Federal Reserve nominee says he favors loosening some bank regulations

Carolyn Kaster/Associated Press Chairman of the Senate, Housing, and Urban Affairs Committee Sen. Michael Crapo, R-Idaho (left) greets Jerome Powell at Powell’s confirmation hearing.

WASHINGTON — Jerome Powell, President Trump’s pick to be chairman of the Federal Reserve, told senators at his confirmation hearing Tuesday he believes some bank regulations can be rolled back – something the administration and Wall Street favor. But he stressed he will protect the central bank’s political independence, calling it vital for the Fed’s role.

 

Powell also strongly hinted in his appearance before the Senate Banking Committee the Fed would hike rates again in December.

Powell said he believed the Dodd-Frank Act, passed in the wake of the devastating 2008 financial crisis, had succeeded in making the financial system stronger, including ensuring no major institution now is too big to fail.

But in some areas, such as regulation of smaller banks, the law had imposed unnecessary burdens that should be eased, he said.

Powell’s comments pleased many GOP senators, who have complained for years Dodd-Frank was hurting the economic recovery by making it harder to get bank loans. Democratic senators, however, pressed Powell to say whether he would cut key consumer protections in the 2010 law, a measure Trump often attacked on the campaign trail as a disaster.

Powell stressed he was “strongly committed” to the political independence of the Federal Reserve. He said he has not had any conversation with anyone in the administration that concerned him.

During two hours of testimony, Powell sought to convey a sense of stability and praised his predecessors Janet Yellen and Ben Bernanke. He said the Fed would continue on a gradual path of raising interest rates and shrinking the Fed’s massive $4.5 trillion balance sheet, which grew five-fold in the wake of the Great Recession as the Fed bought government bonds to push long-term interest rates lower.
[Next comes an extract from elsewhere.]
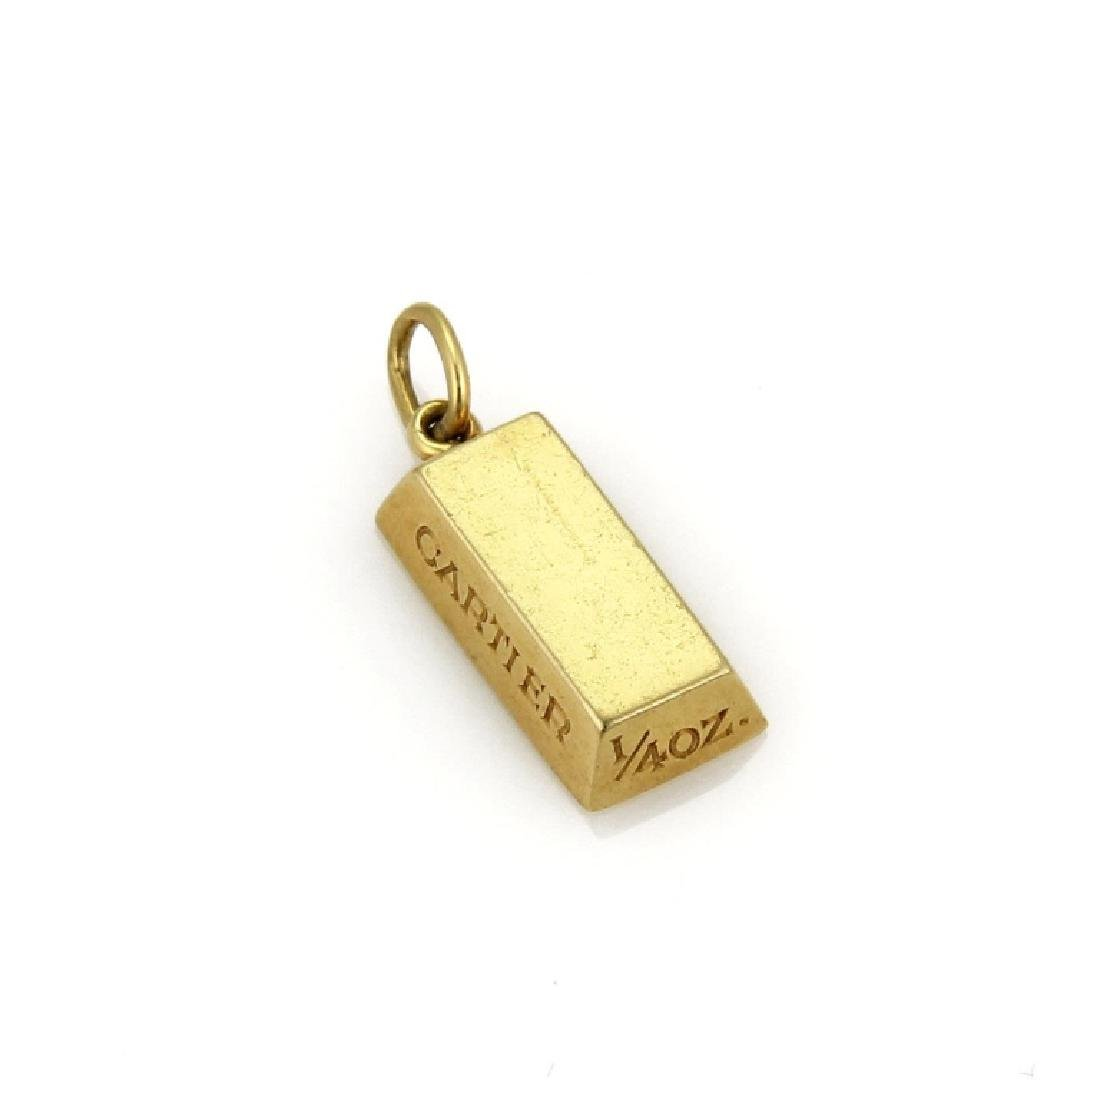 d033908b7461e Cartier 1/4 oz. 18k Gold Ingot Bar Charm Pendant

Powell said he expected the balance sheet to shrink to around $2.5 trillion to $3 trillion over the next three to four years under a program set in motion by Yellen.

Trump tapped Powell on Nov. 2 to succeed Yellen, the first woman to head the nation’s central bank and the first Fed leader in four decades not to be offered a second term as chair. Yellen’s term ends Feb. 3. She said last week she will leave the Fed once Powell is confirmed by the Senate.

Private economists said there were no surprises in Powell’s testimony. He sought to bolster the reputation he built in his five years as a Fed board member as a centrist.